• What to work on:
Copy the data verbatim and leave out every picture.

Segment Start: Supplied material

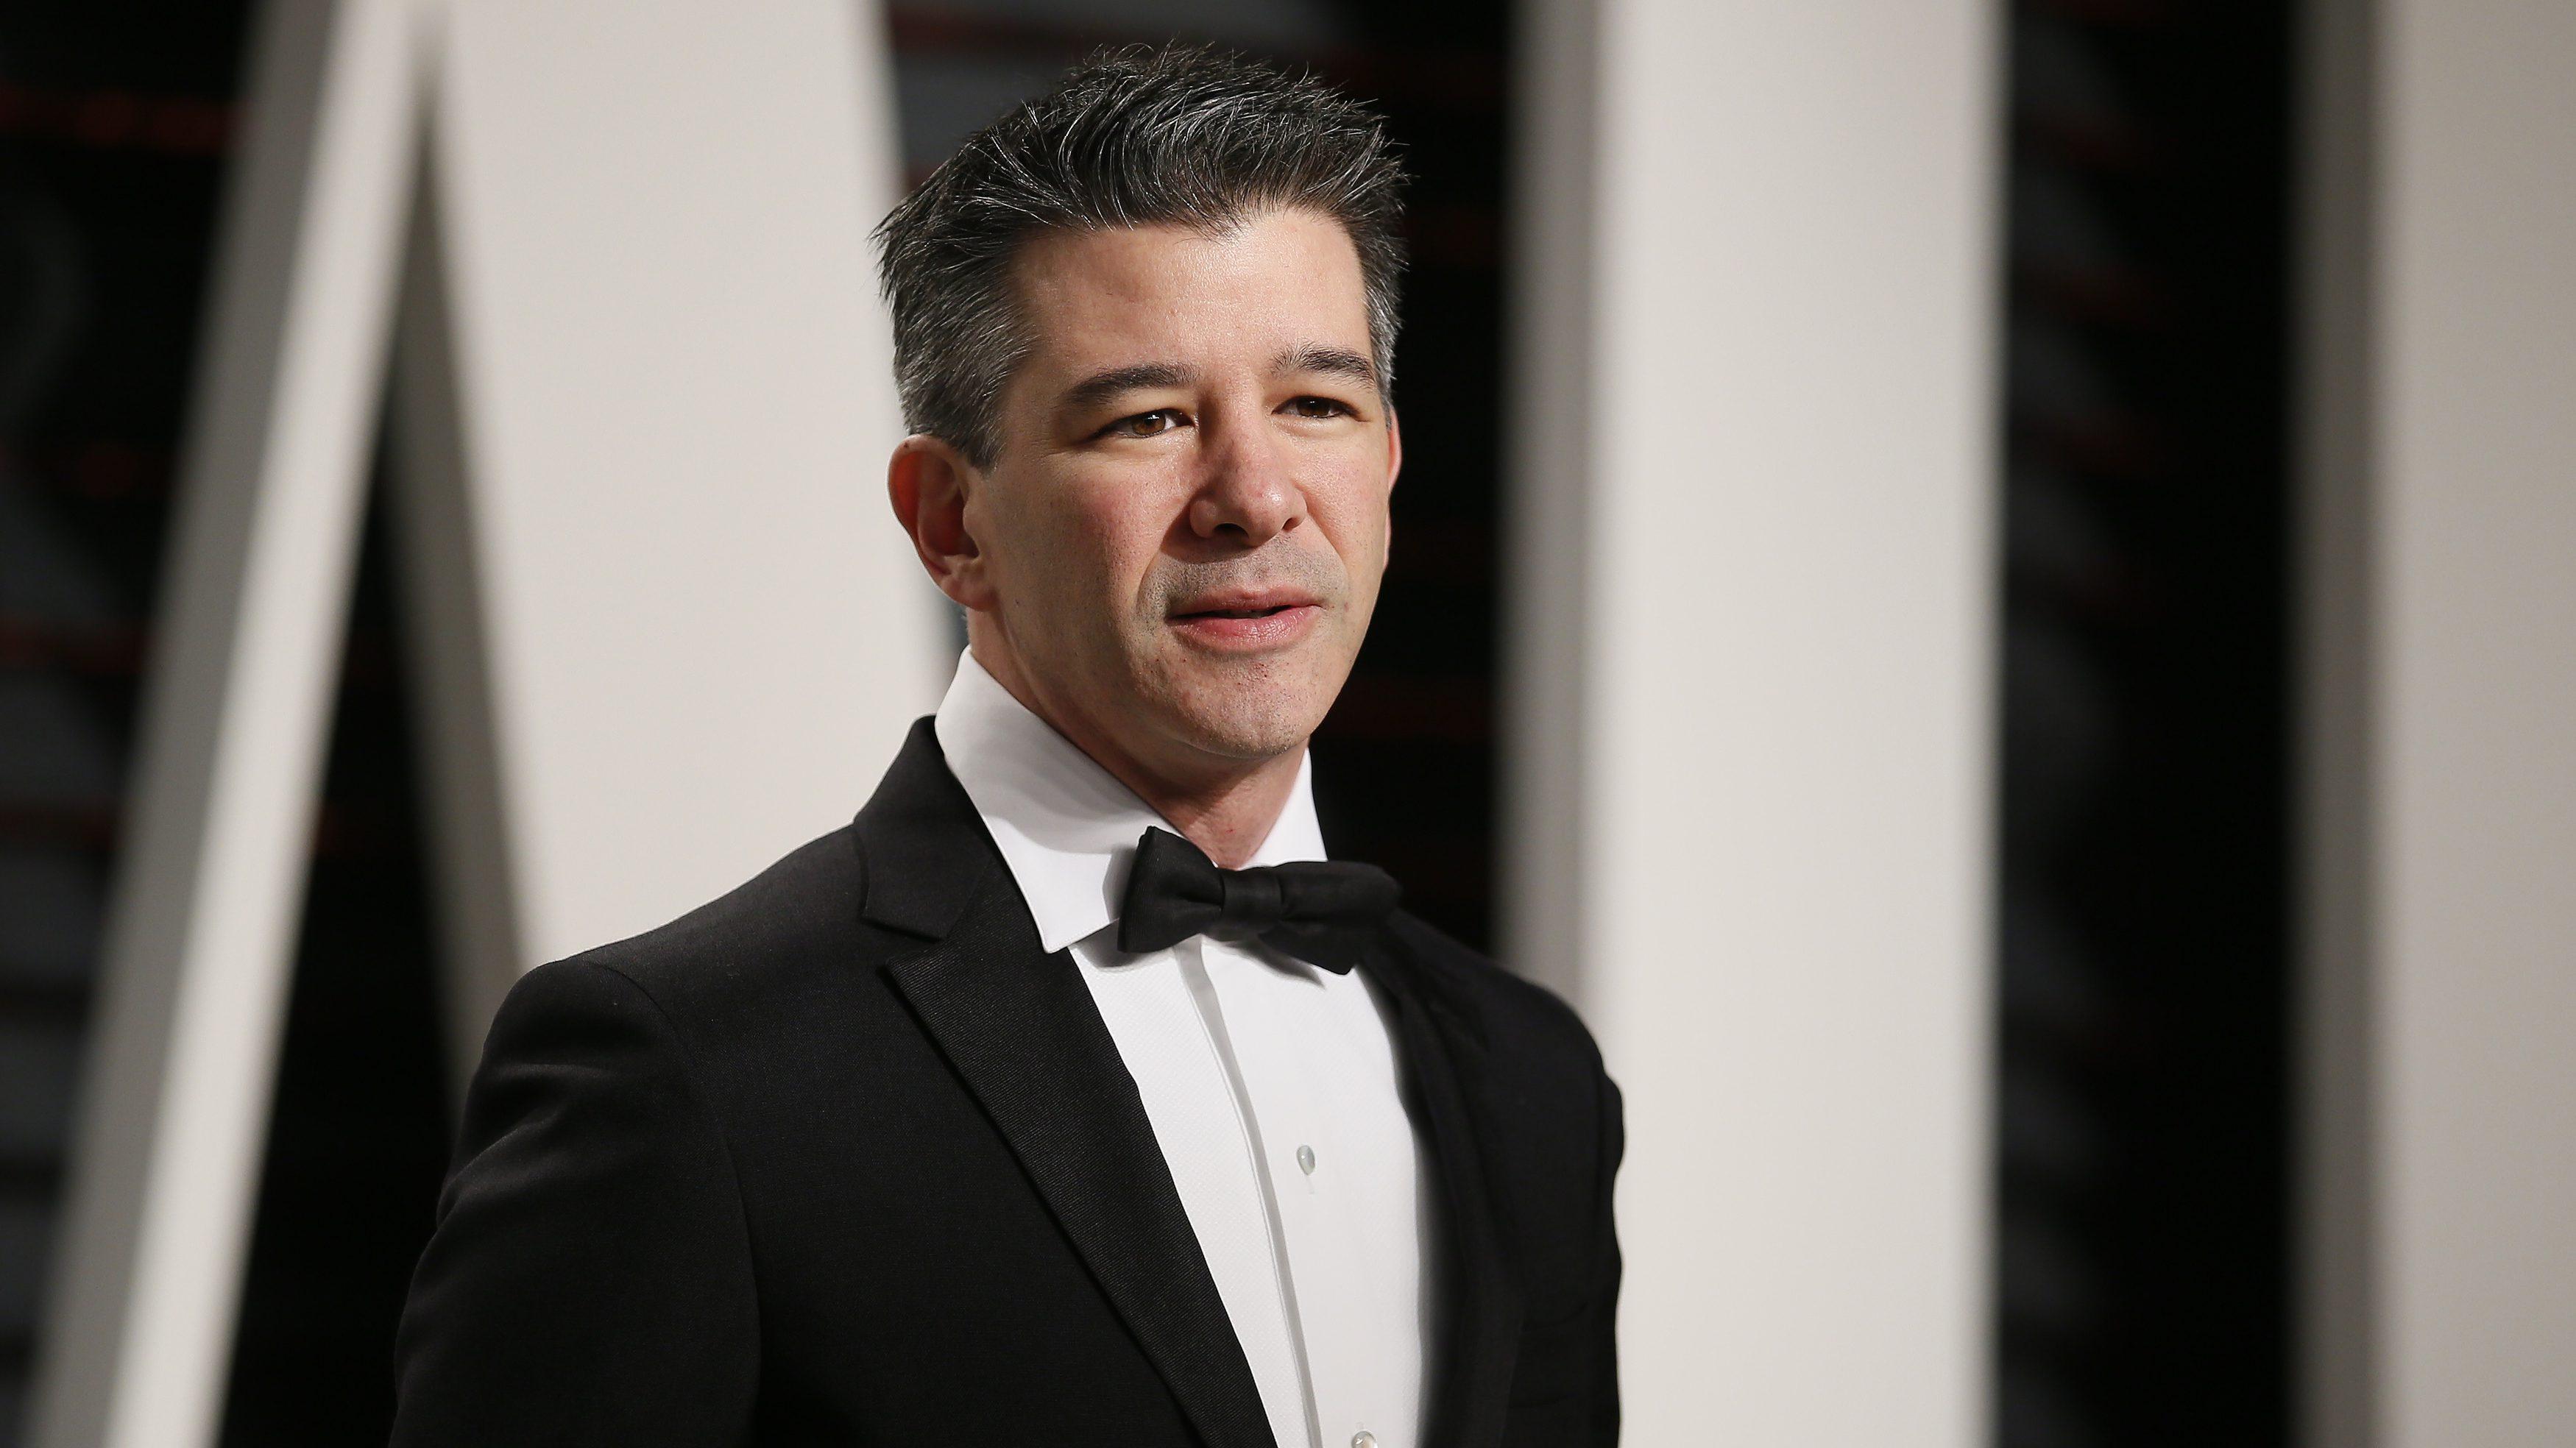 89th Academy Awards - Oscars Vanity Fair Party - Beverly Hills, California, U.S. - 26/02/17 – Uber co-founder Travis Kalanick. REUTERS/Danny Moloshok - RTS10HMR
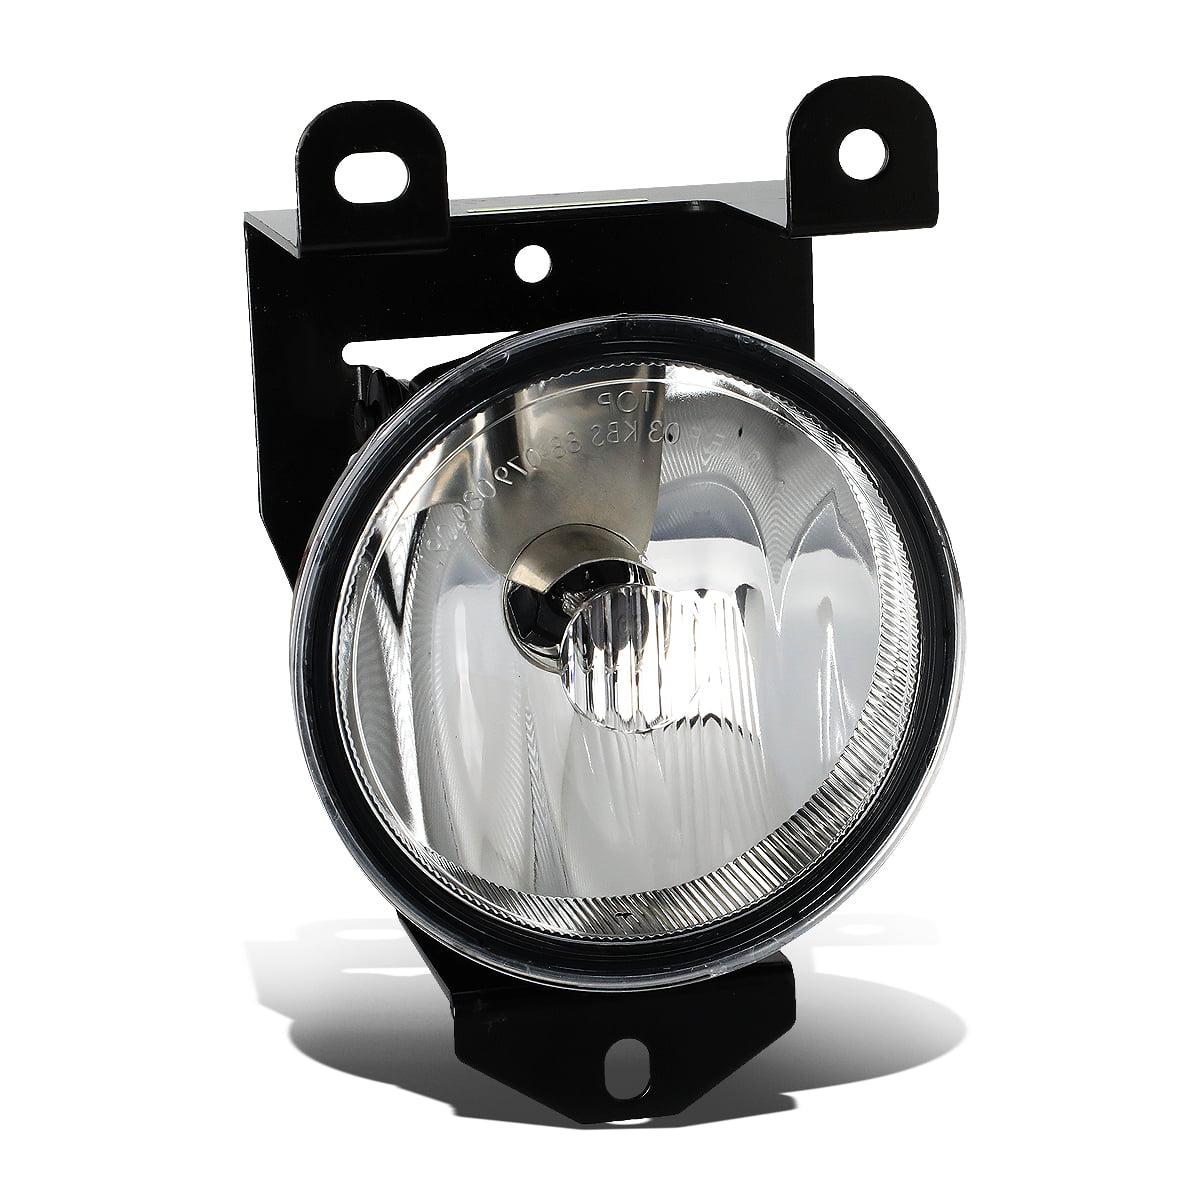 For 92-07 GMC Yukon/Sierra C3 Denali/Cadillac Escalade Factory Style Right Side Fog Light/Lamp 93 94 95 96 97 98 99 00 01 02 03 04 05 06
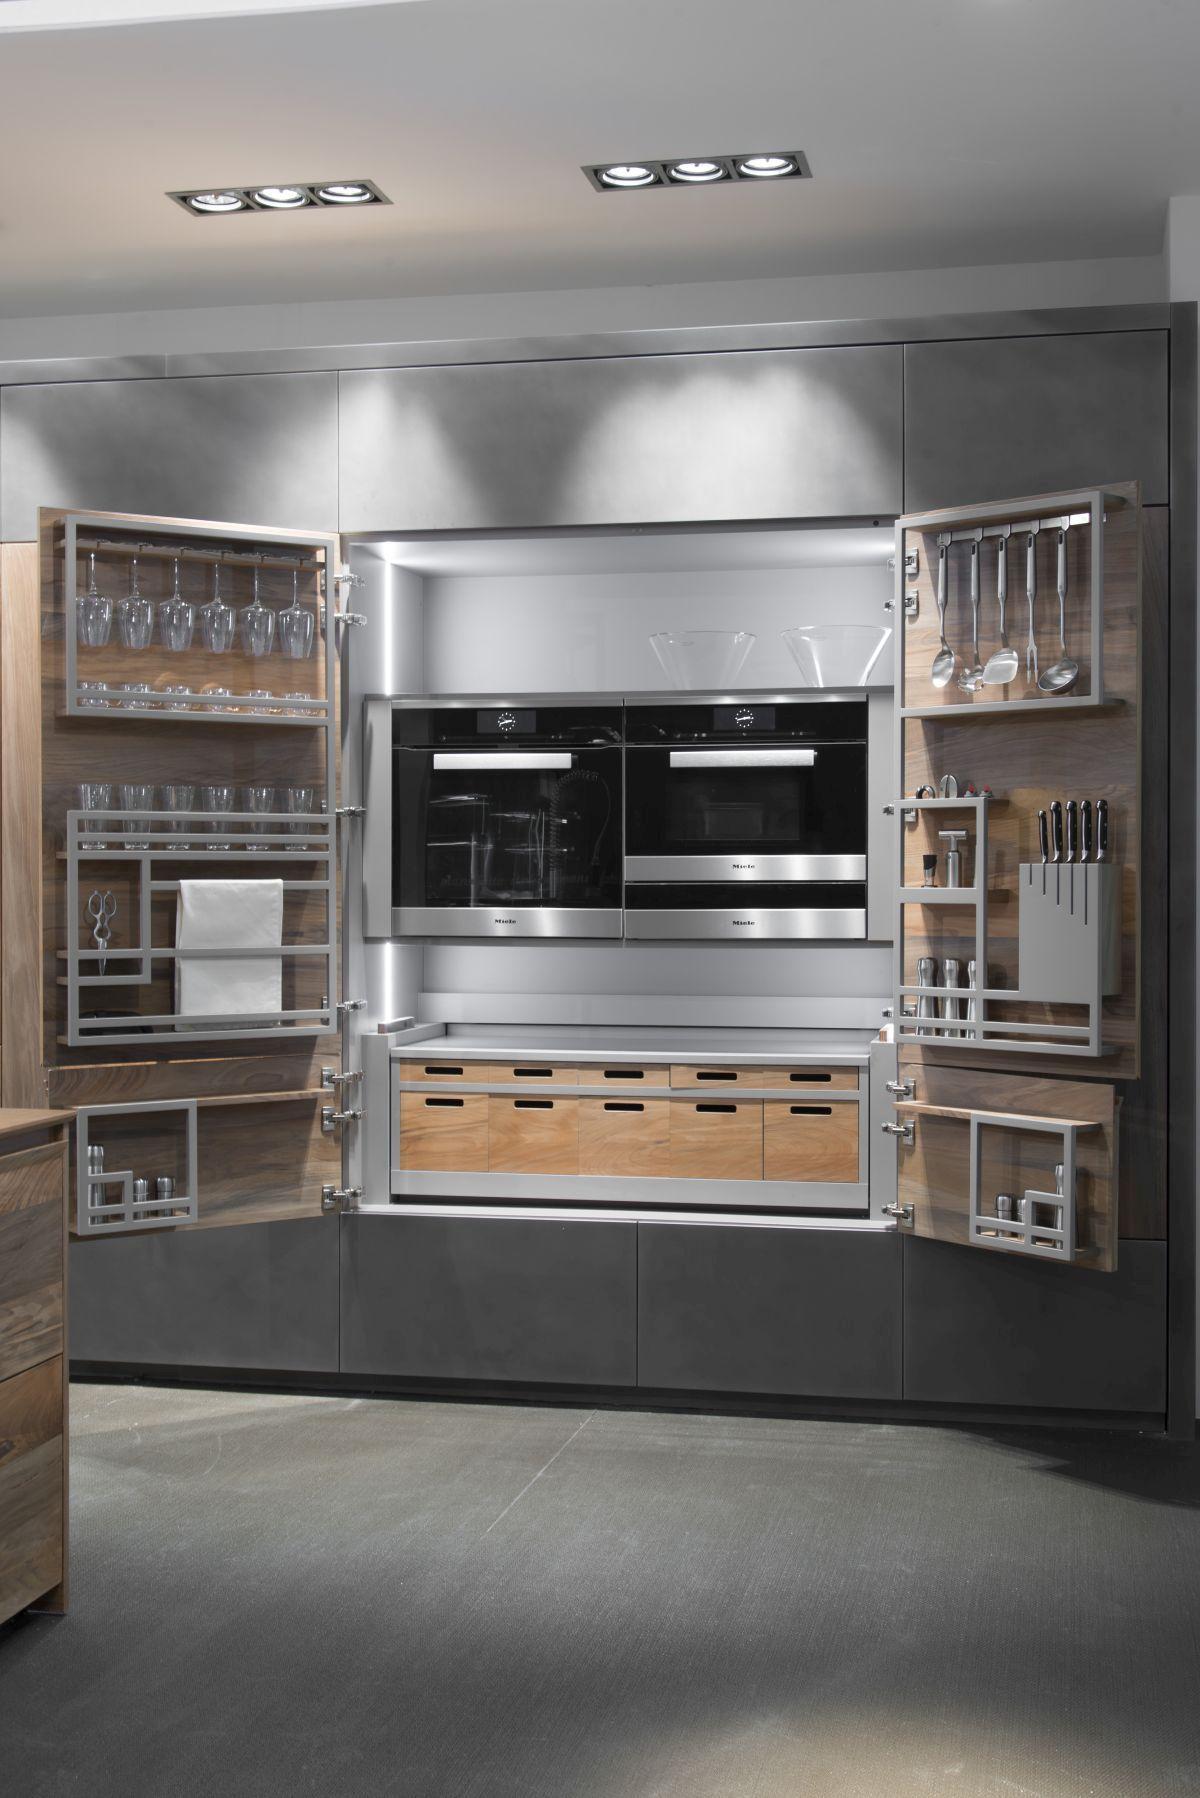 Fabricant Italien De Cuisine toncelli brings luxury to our homes through exquisite design

Segment End: Supplied material

• Response to this task:
 89th Academy Awards - Oscars Vanity Fair Party - Beverly Hills, California, U.S. - 26/02/17 – Uber co-founder Travis Kalanick. REUTERS/Danny Moloshok - RTS10HMR
 For 92-07 GMC Yukon/Sierra C3 Denali/Cadillac Escalade Factory Style Right Side Fog Light/Lamp 93 94 95 96 97 98 99 00 01 02 03 04 05 06
 Fabricant Italien De Cuisine toncelli brings luxury to our homes through exquisite design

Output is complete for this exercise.